- **EXERCISE GOAL**:
What you write must be the listing below in full, word for word, minus its pictures.

- **GIVEN DATA**:

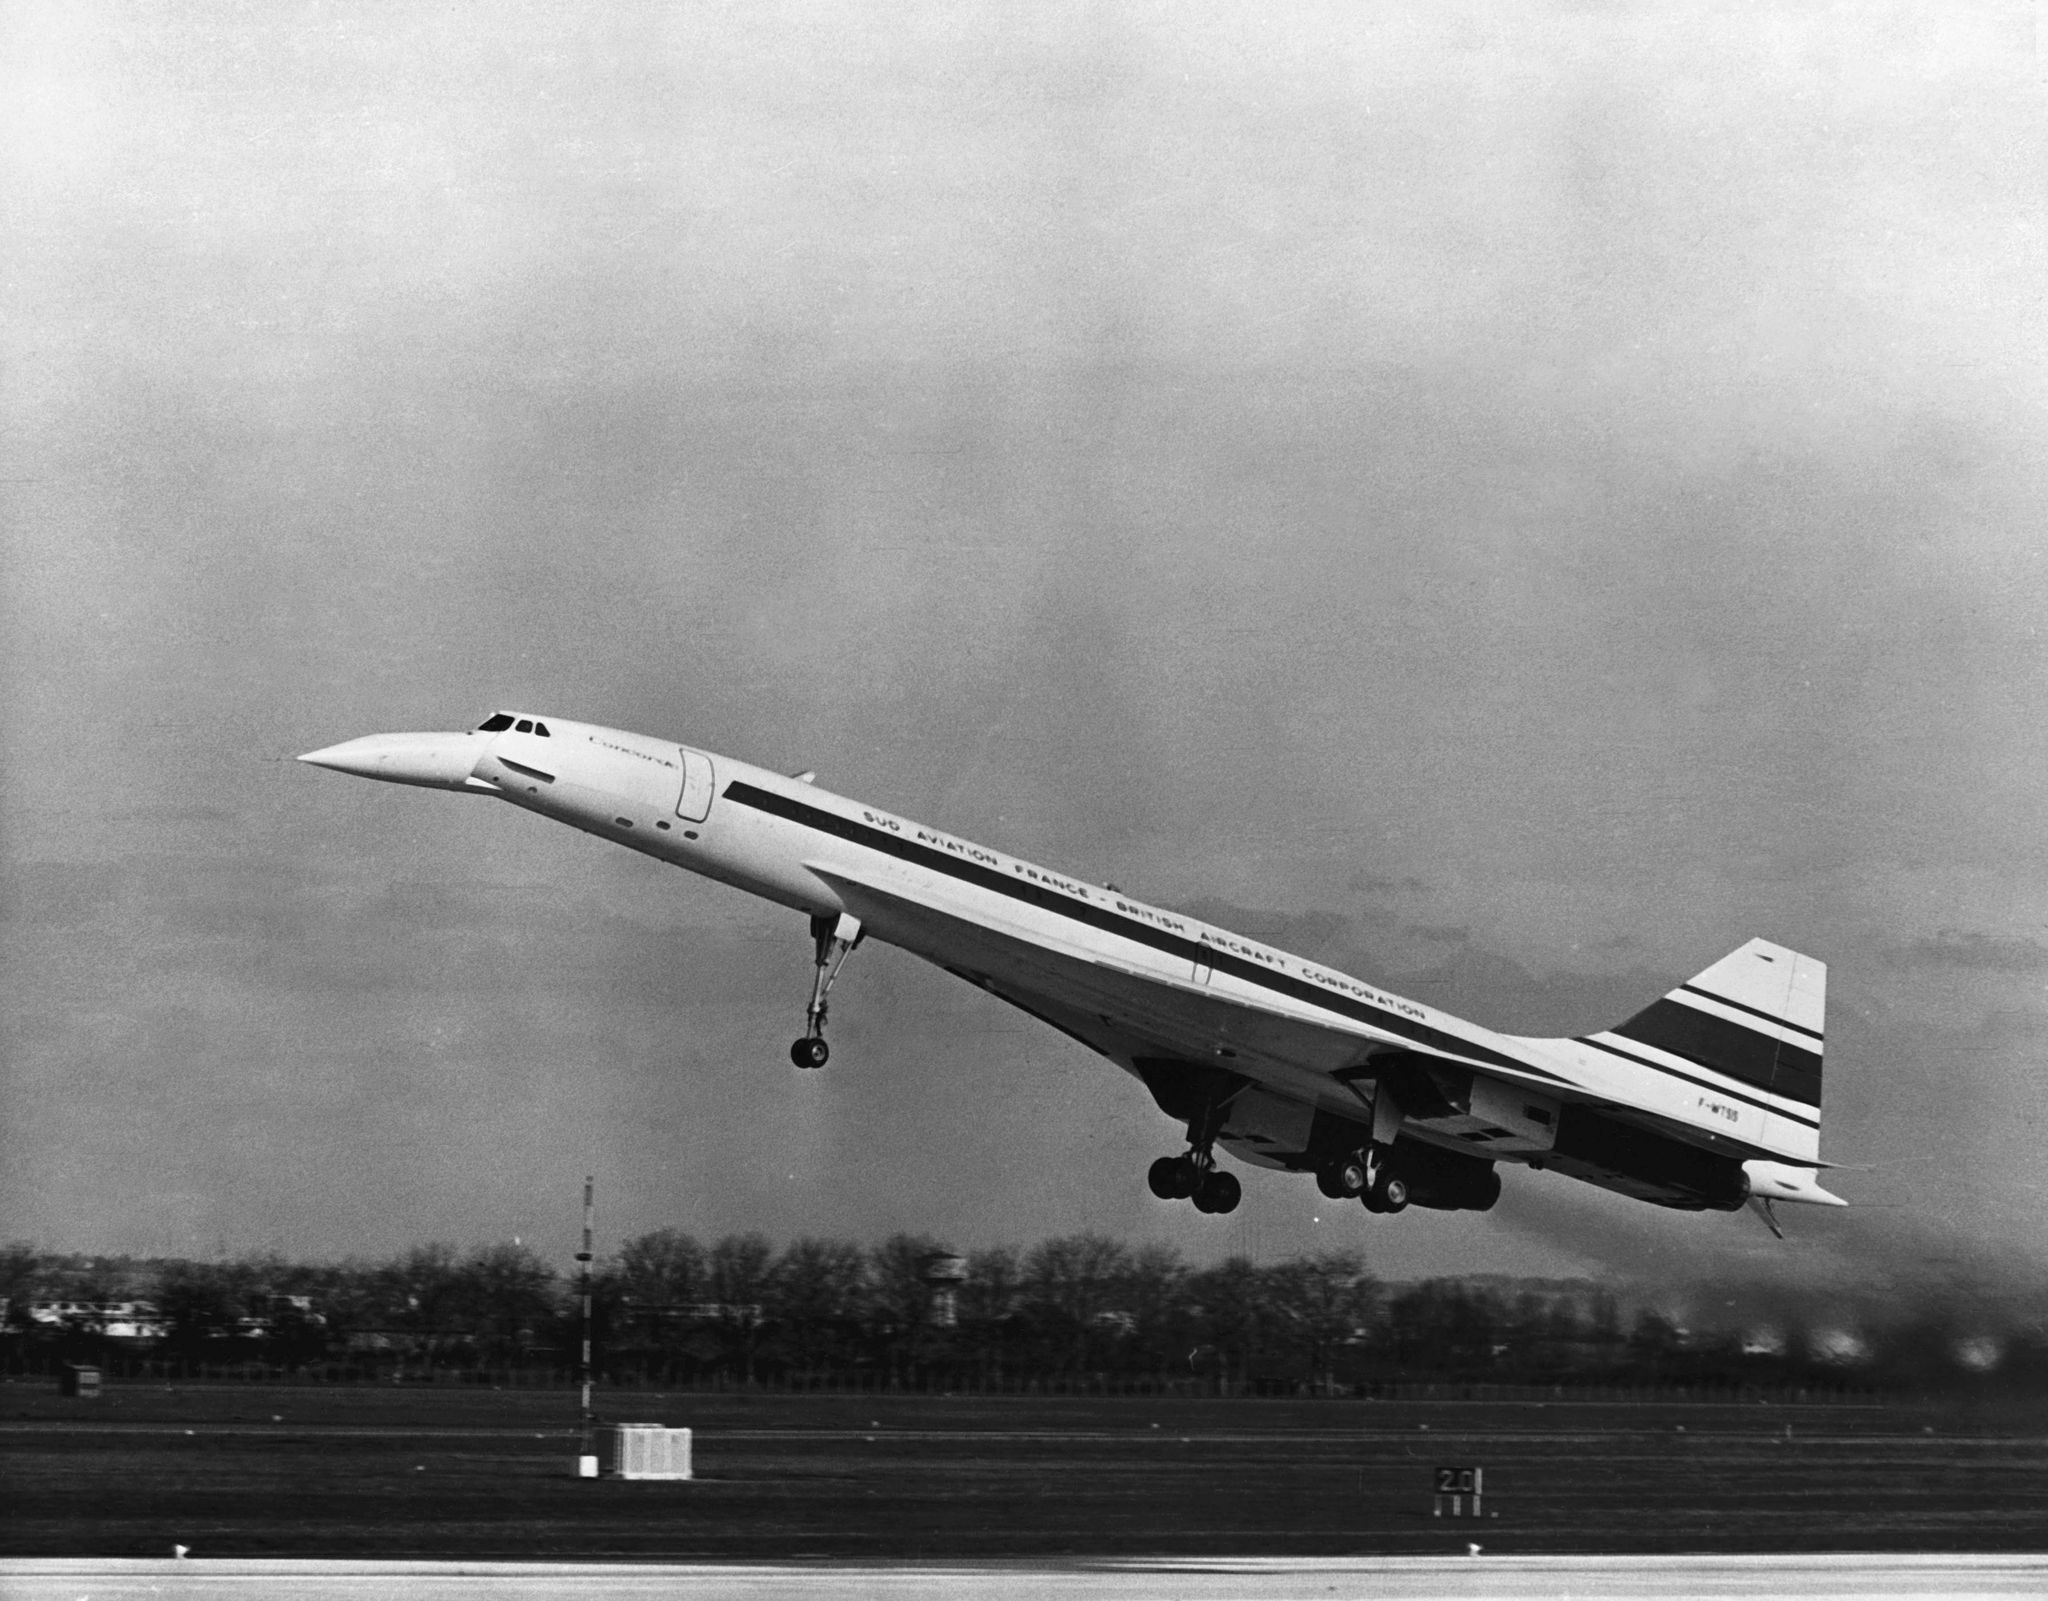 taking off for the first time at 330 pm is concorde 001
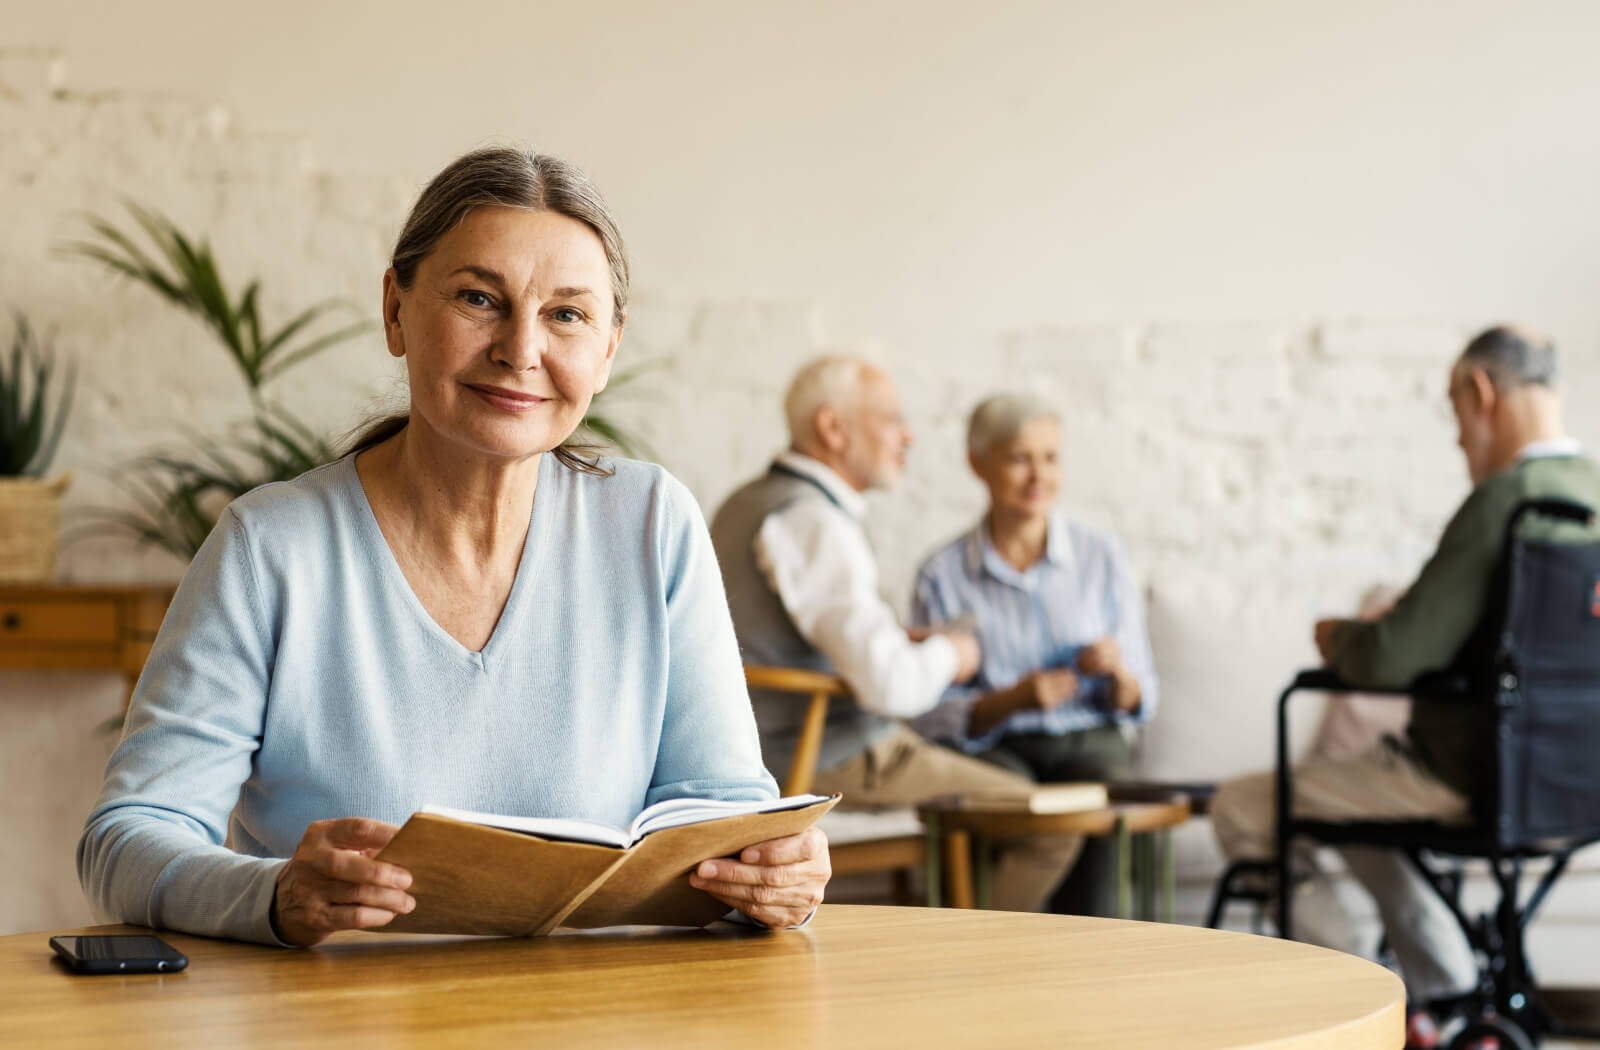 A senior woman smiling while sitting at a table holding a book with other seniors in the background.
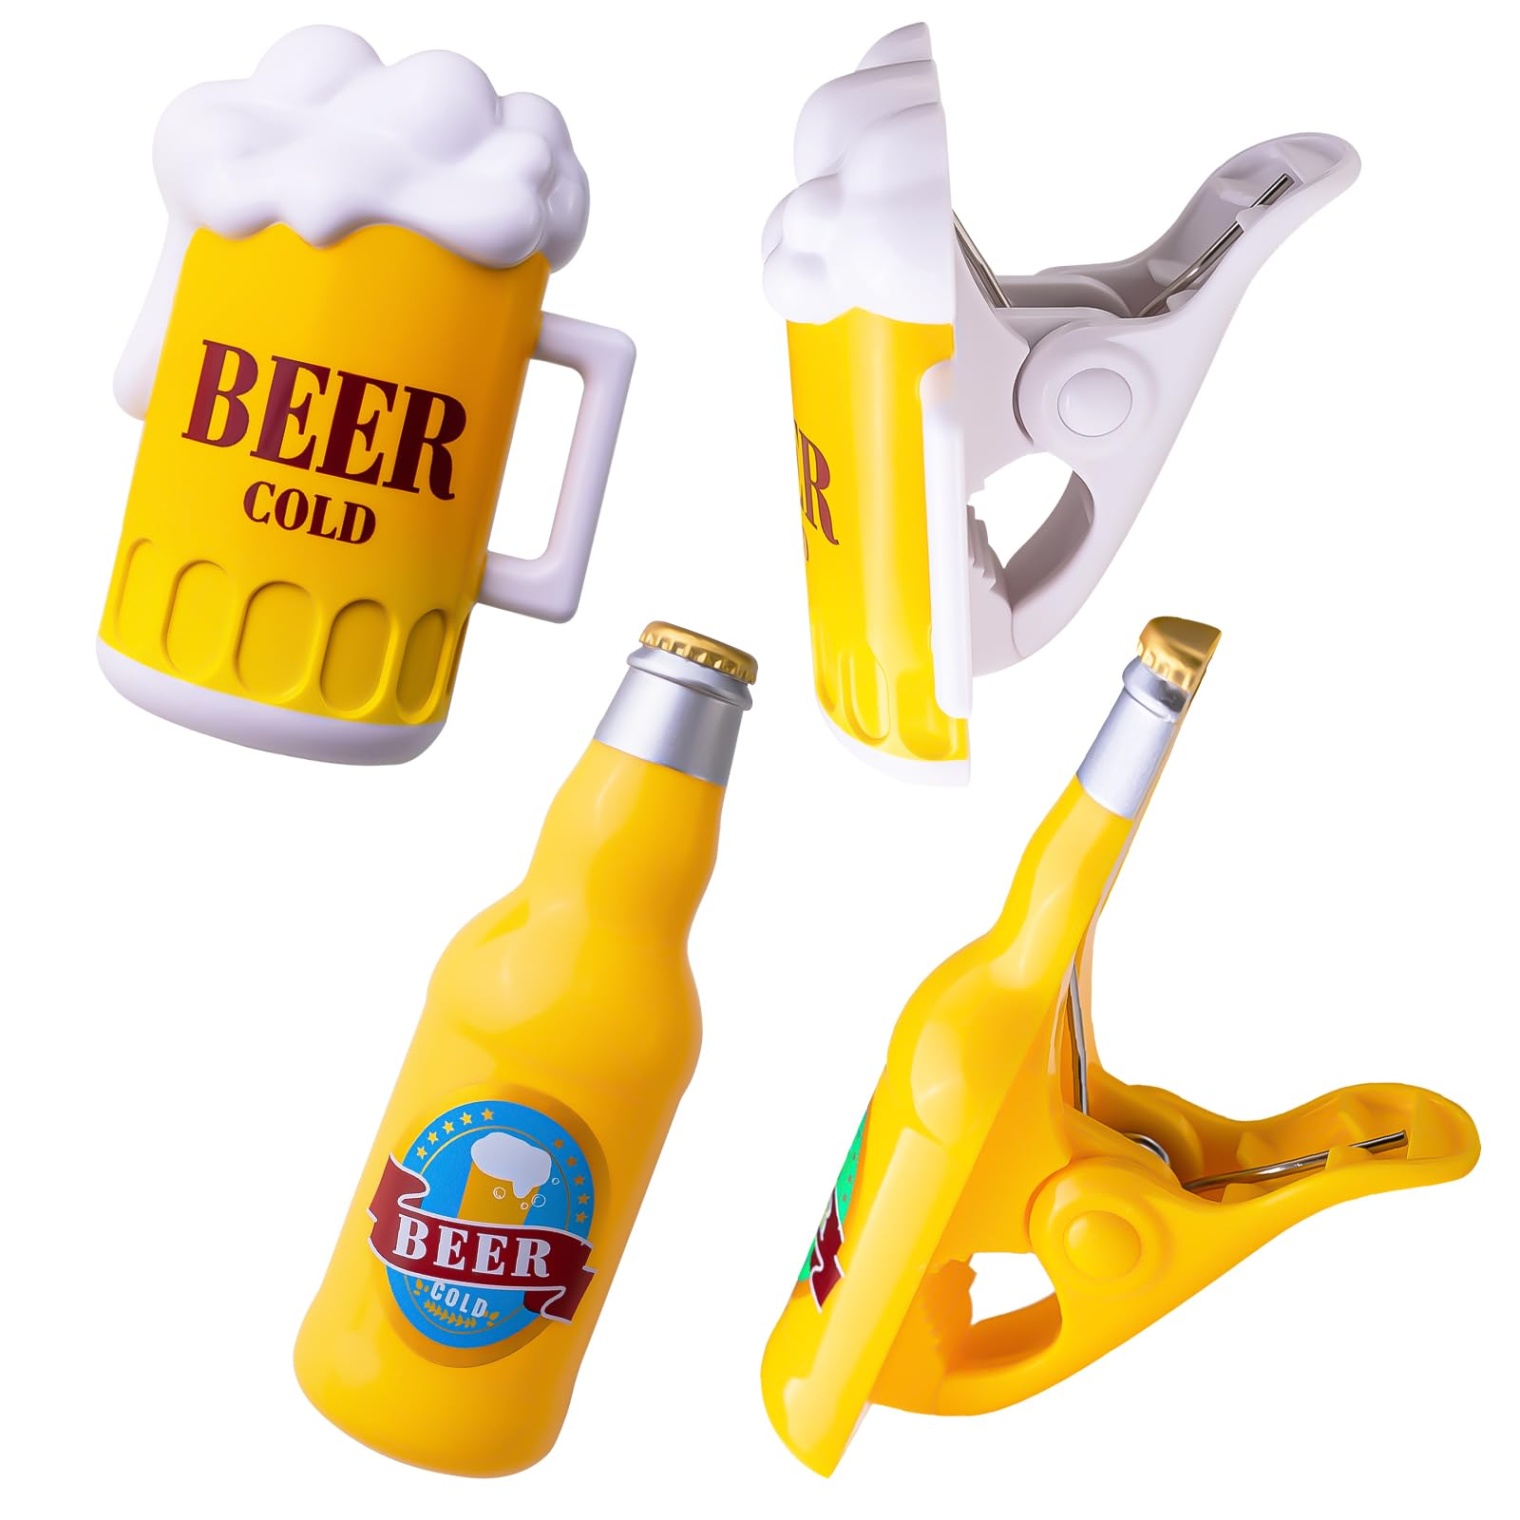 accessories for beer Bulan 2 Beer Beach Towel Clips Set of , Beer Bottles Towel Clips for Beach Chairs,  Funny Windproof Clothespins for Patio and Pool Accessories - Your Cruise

- **SOLVED PROBLEM**:
 taking off for the first time at 330 pm is concorde 001
 A senior woman smiling while sitting at a table holding a book with other seniors in the background.
 accessories for beer Bulan 2 Beer Beach Towel Clips Set of , Beer Bottles Towel Clips for Beach Chairs,  Funny Windproof Clothespins for Patio and Pool Accessories - Your Cruise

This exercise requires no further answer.